- Task instructions: Data follows below. Repeat exactly the lines between the line holding "Caribe Hilton San Juan Beach Cabana" and the line holding "American beach - Waikiki Beach", inclusive, and nothing more; drop pictures.

━━━━━ Information provided

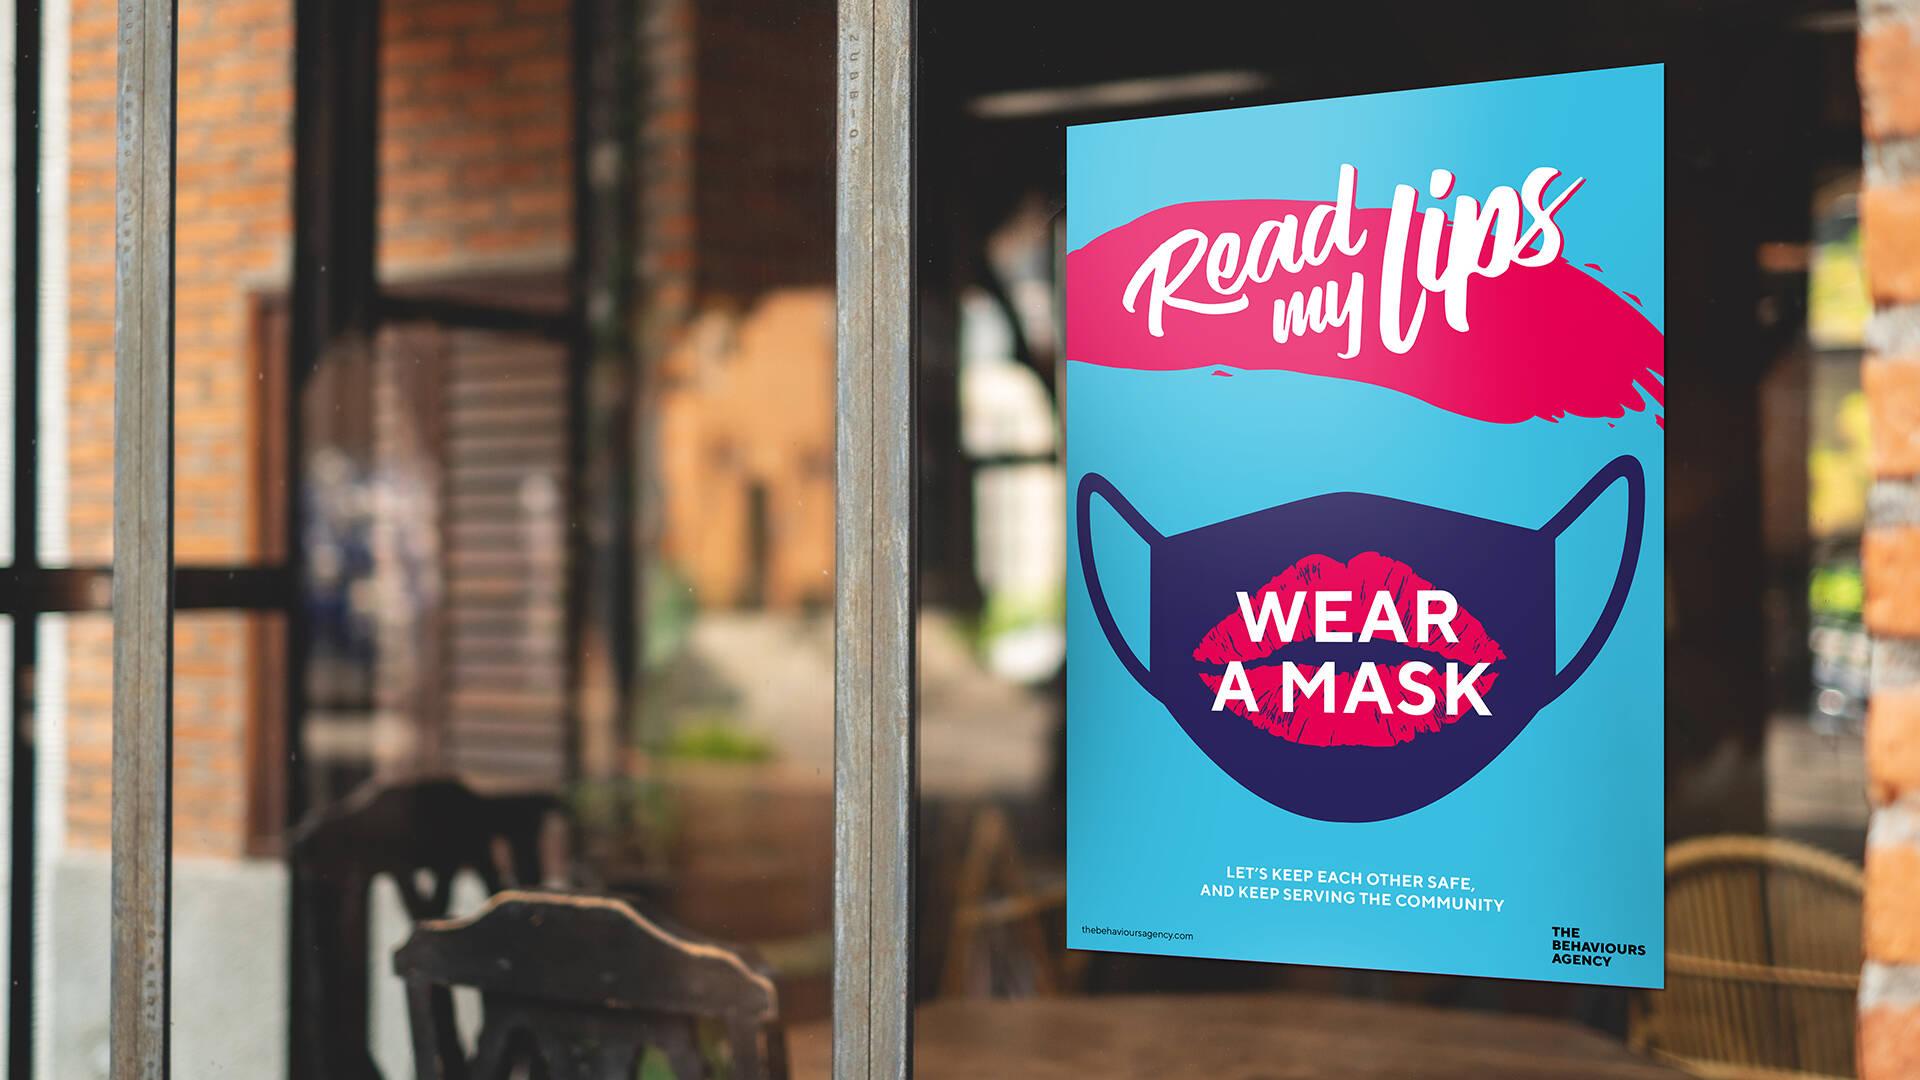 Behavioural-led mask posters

━━━━━━━━━━
━━━━━ Information provided

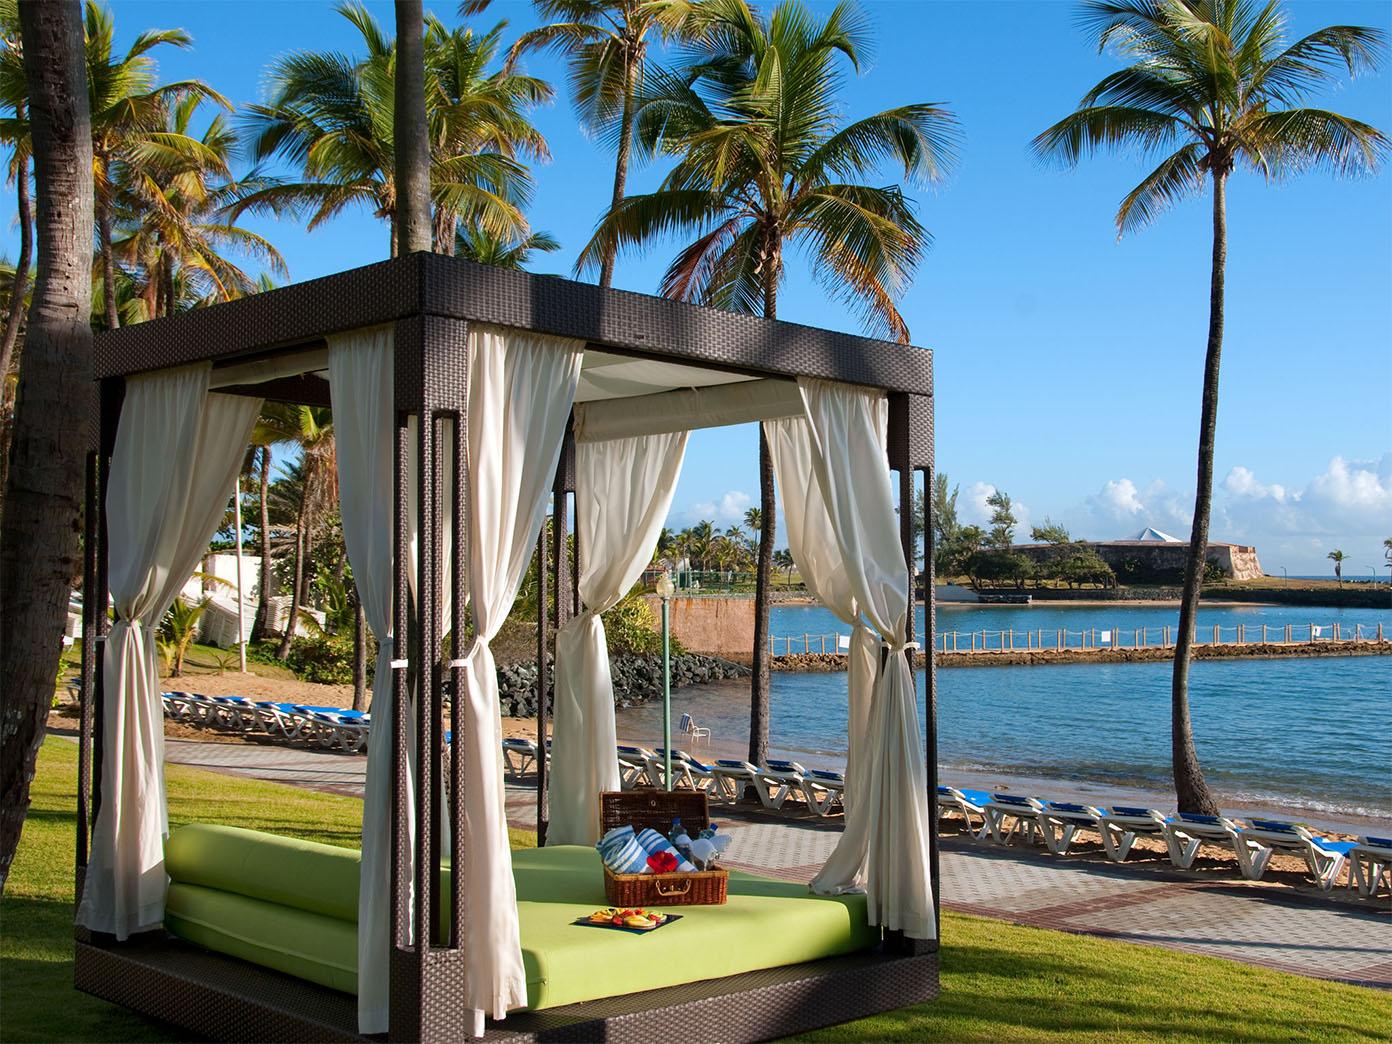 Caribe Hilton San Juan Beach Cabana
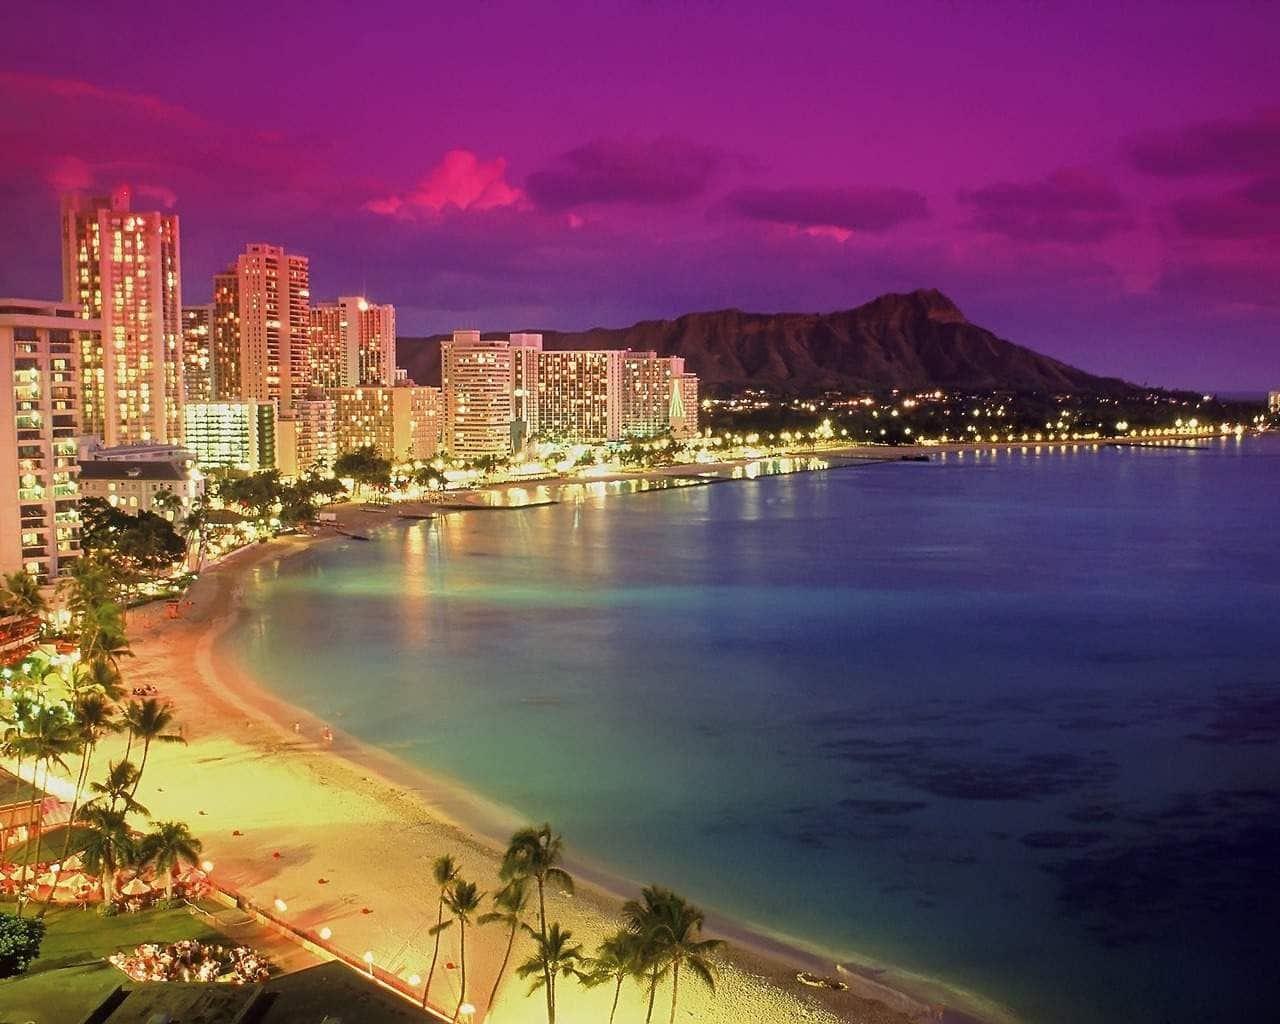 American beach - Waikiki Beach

━━━━━━━━━━

- Answer section:
 Caribe Hilton San Juan Beach Cabana
 American beach - Waikiki Beach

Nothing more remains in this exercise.